Ela não aguentava mais andar pela casa e sentir o vazio, pois ele machuca, dilacera e com o tempo, faz com que mesmo o mais forte dos seres humanos perca a vontade de continuar vivendo. Com ela não foi diferente. No começo, pensou que deveria se manter forte para que os outros não sentissem pena de sua miséria. Contudo, depois de refletir novamente sobre o assunto, percebeu que a única pessoa cuja opinião realmente pesava sobre suas ações... era aquela de quem a falta lhe provocava a dor.

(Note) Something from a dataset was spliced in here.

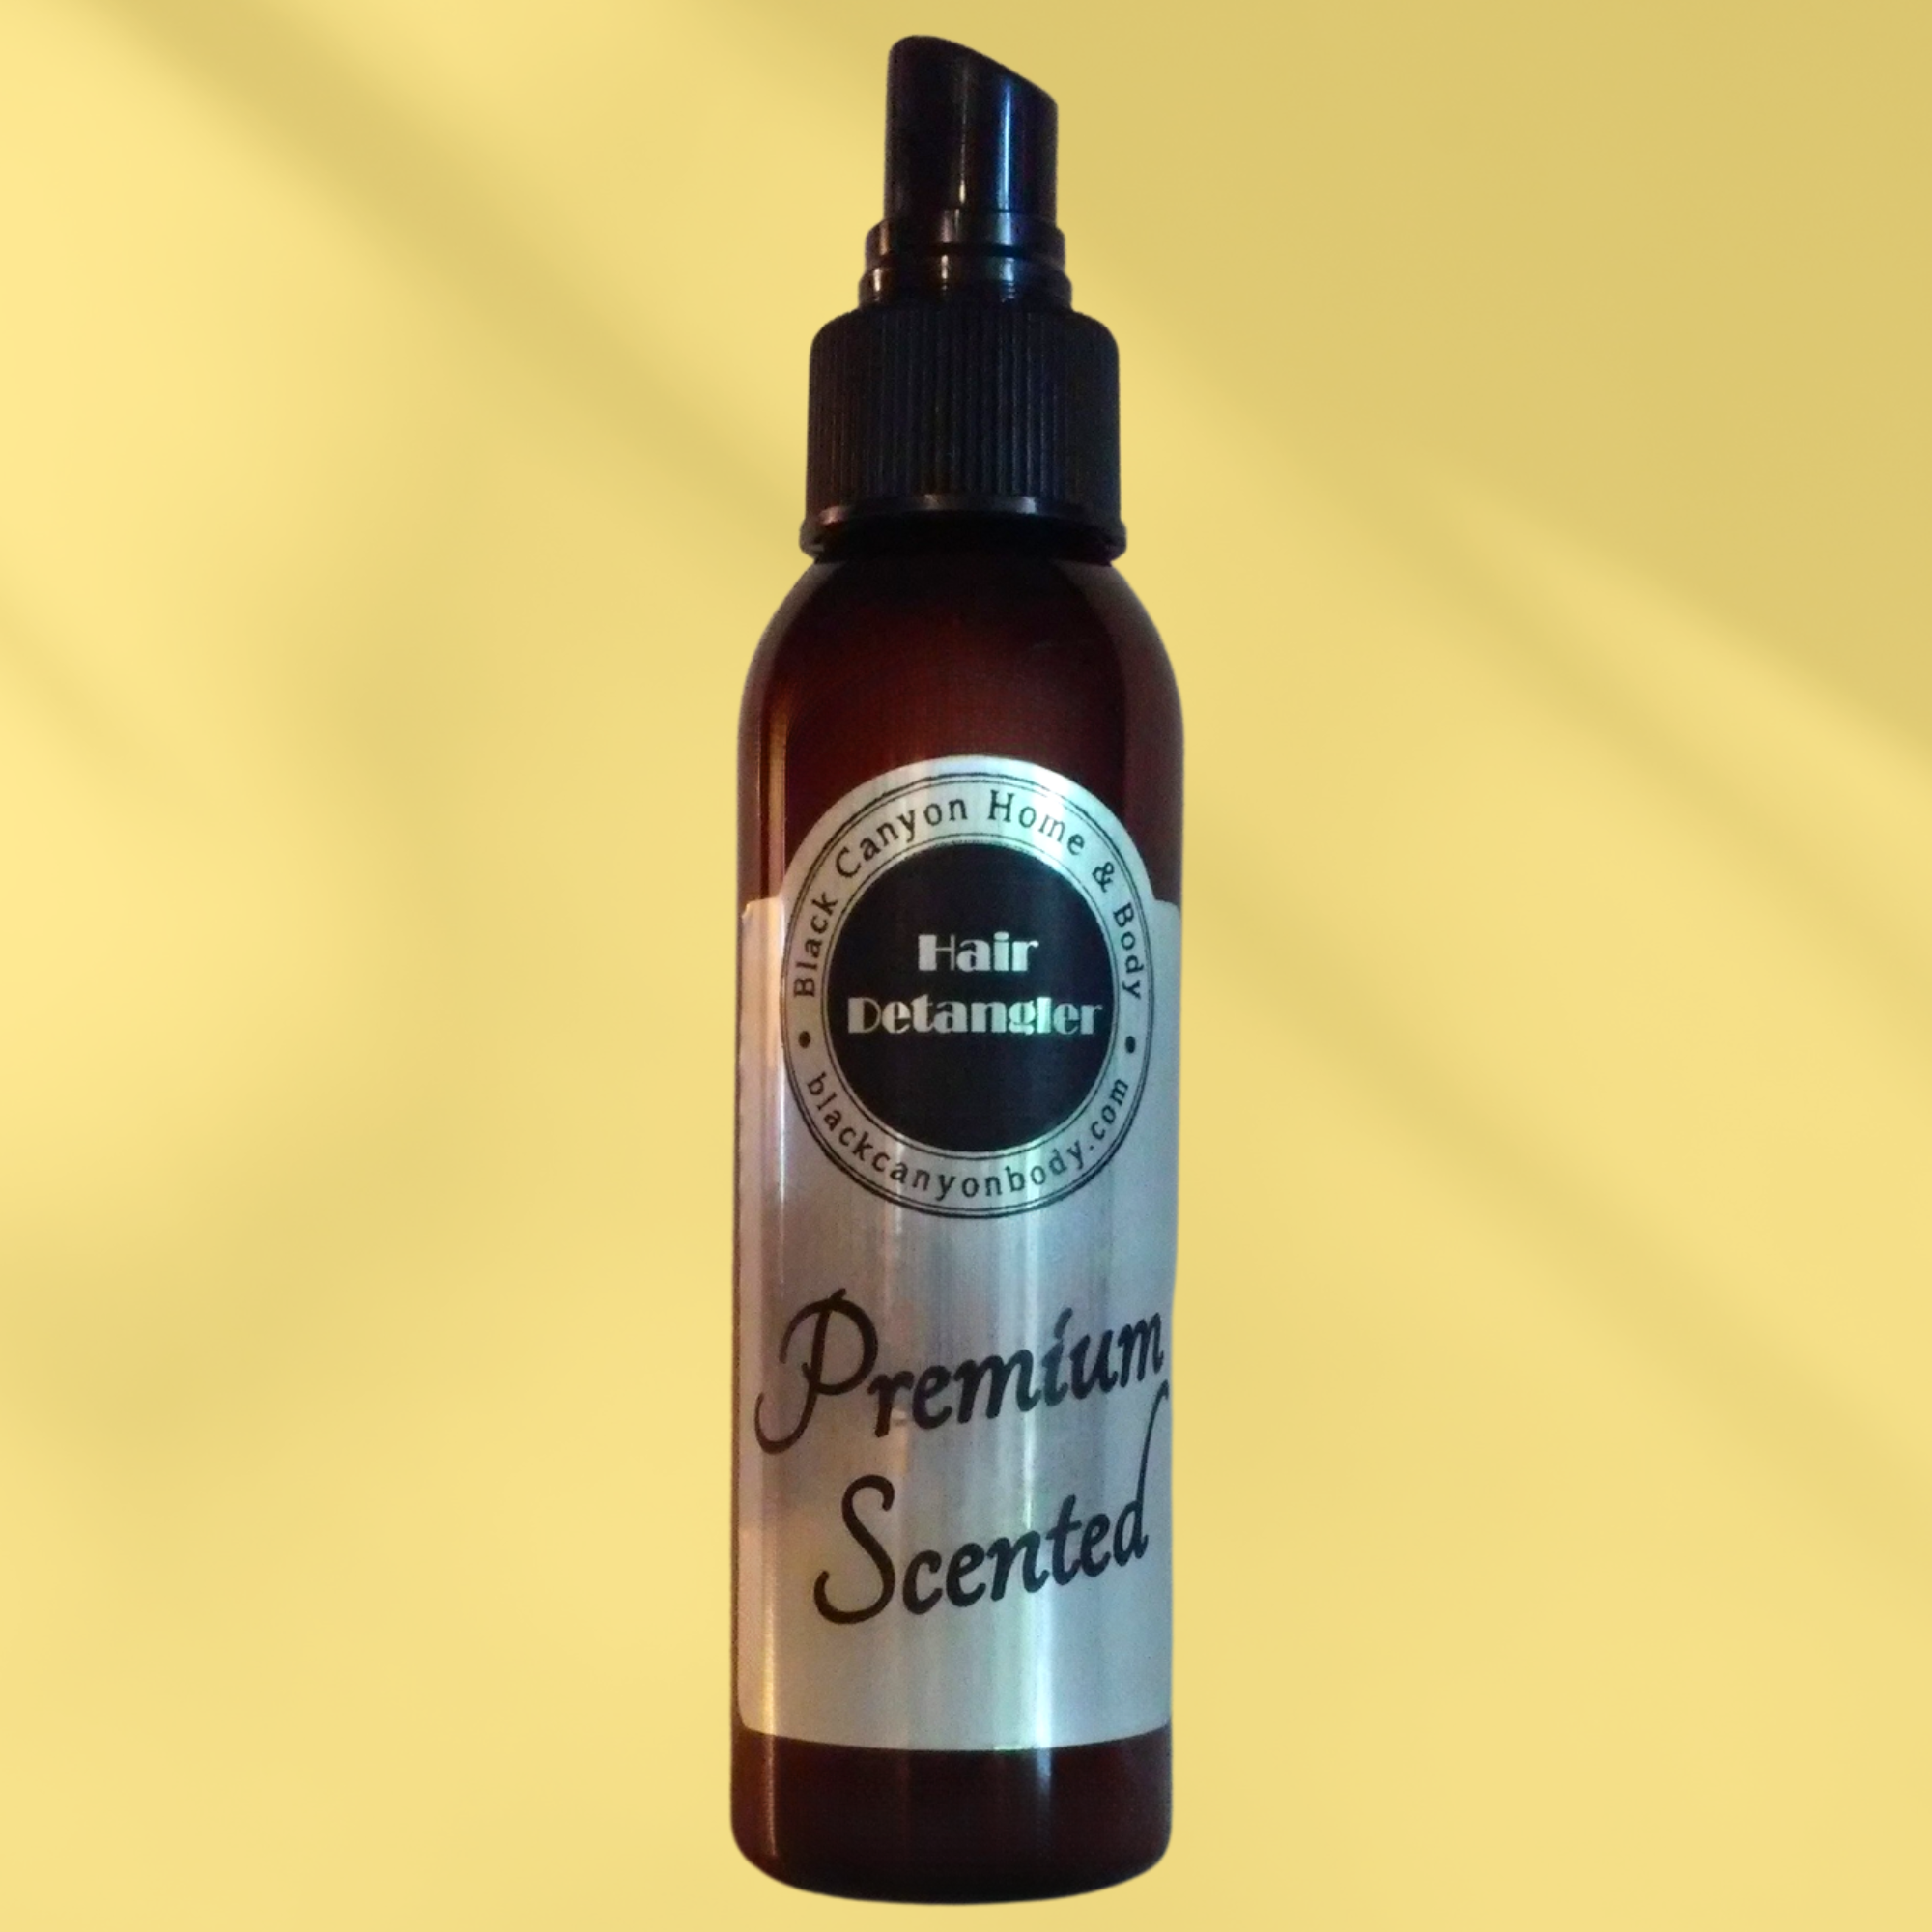 Black Canyon Green Tea & Lemongrass Scented Hair Detangler Spray with Olive Oil

            Ao abrir os olhos naquela fatídica manhã de terça-feira, sentiu seu corpo pesar sobre o colchão de uma forma completamente nova. Seus ossos pesavam e seus músculos não pareciam querer arredar da posição lateral na qual dormira. Ela se recusava a dormir no lado da cama dele... com o cheiro dele. Era demais, algo bem capaz de conseguir convencer o mais egocêntrico dos seres humanos a se suicidar. Ela fora alertada dessas possibilidades por seus livros, e por isso não dormia do lado dele da cama.

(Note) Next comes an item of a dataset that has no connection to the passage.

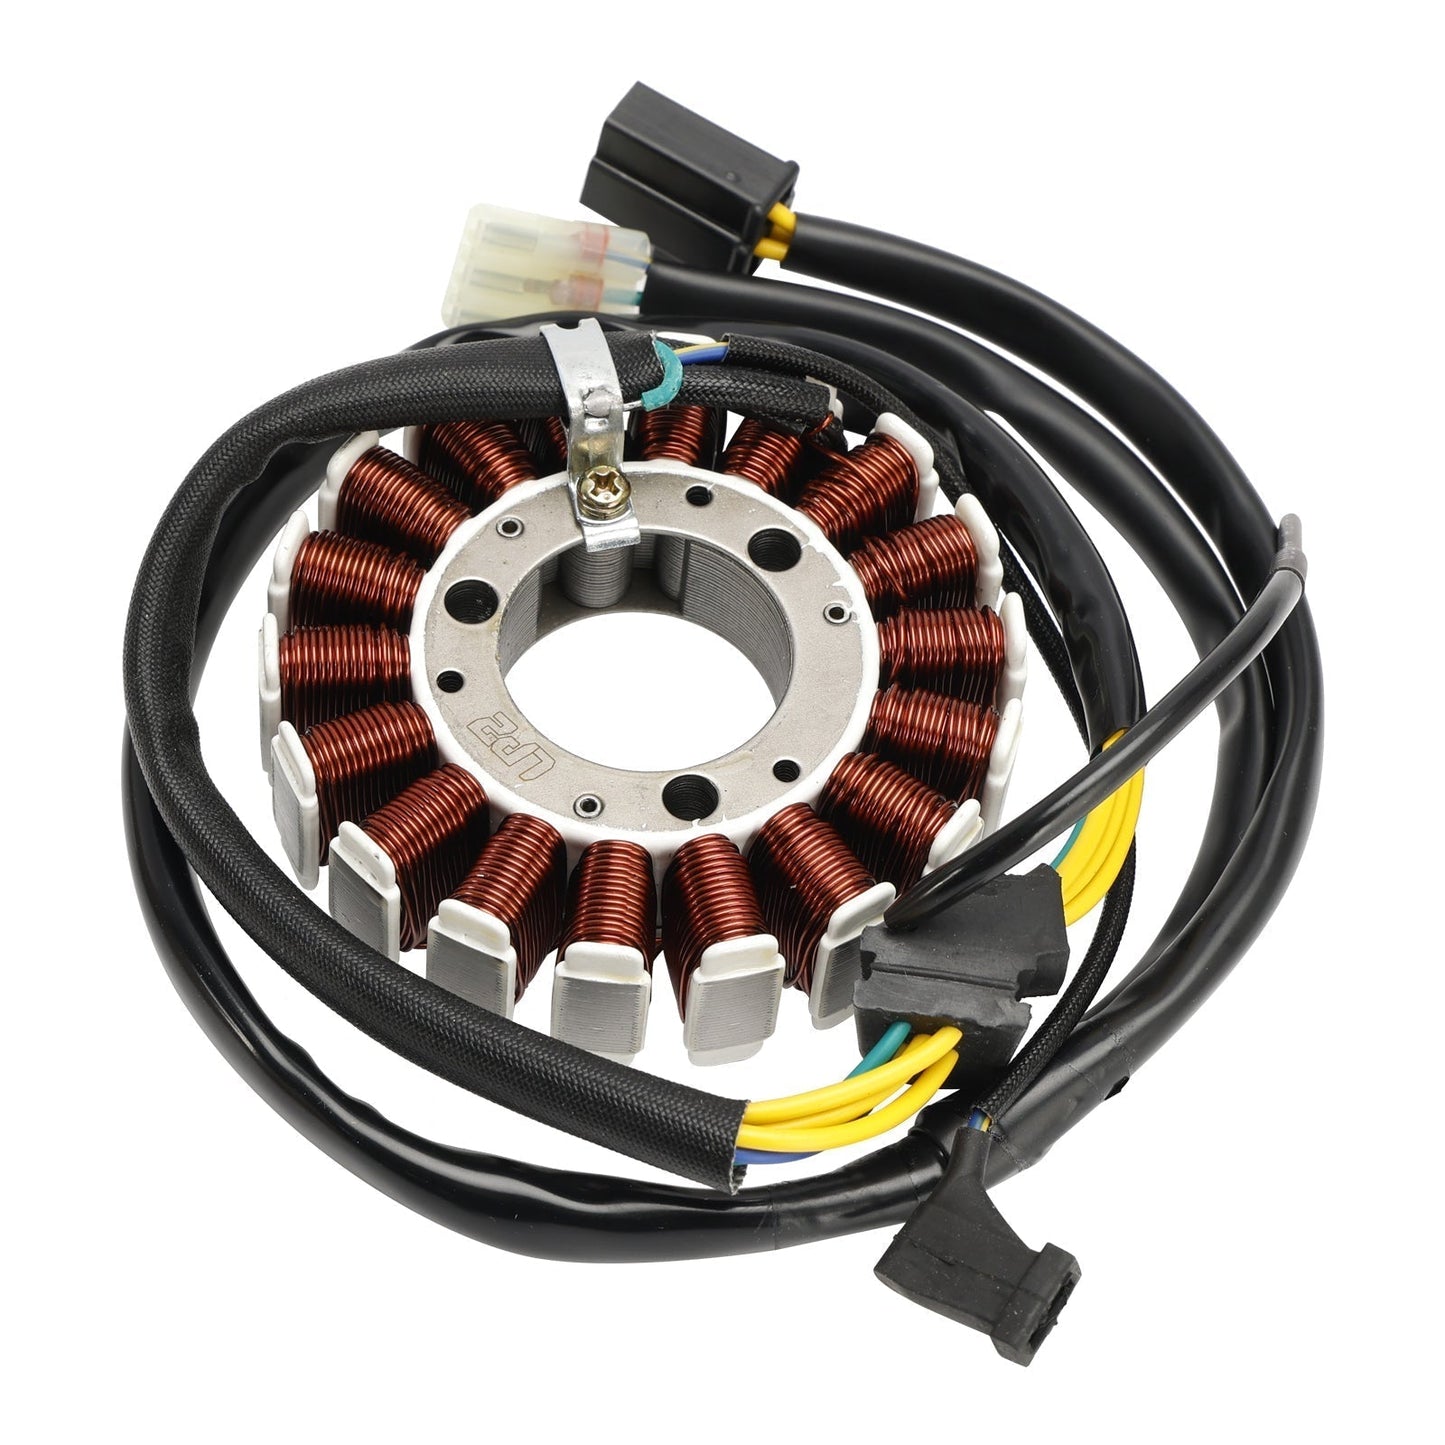 Statore bobina magnetica Honda CRF230L 2008-2009 + regolatore di tensione + gruppo guarnizione 31120-KFB-841

            Com muito custo conseguiu se sentar e mirar a vista da janela. Os dias em Londres sempre eram cinza, no entanto, após a morte dele tudo passara a ficar ainda mais cinza. A comida se tornava cinza na sua boca também, as roupas ficaram mais escuras... não havia mais ninguém que fosse admirá-la com elas, provocá-la enquanto as removia ou beijá-la por estar tão bonita com elas. Uma sentença engraçada, a morte. Muitos acreditam que leva apenas uma pessoa de um lugar para o outro, não se sabe se é melhor ou pior do que o antigo, mas para algum lugar. Entretanto, ignoram o fato de que as verdadeiras vítimas desse fato macabro não são os mortos, são os vivos.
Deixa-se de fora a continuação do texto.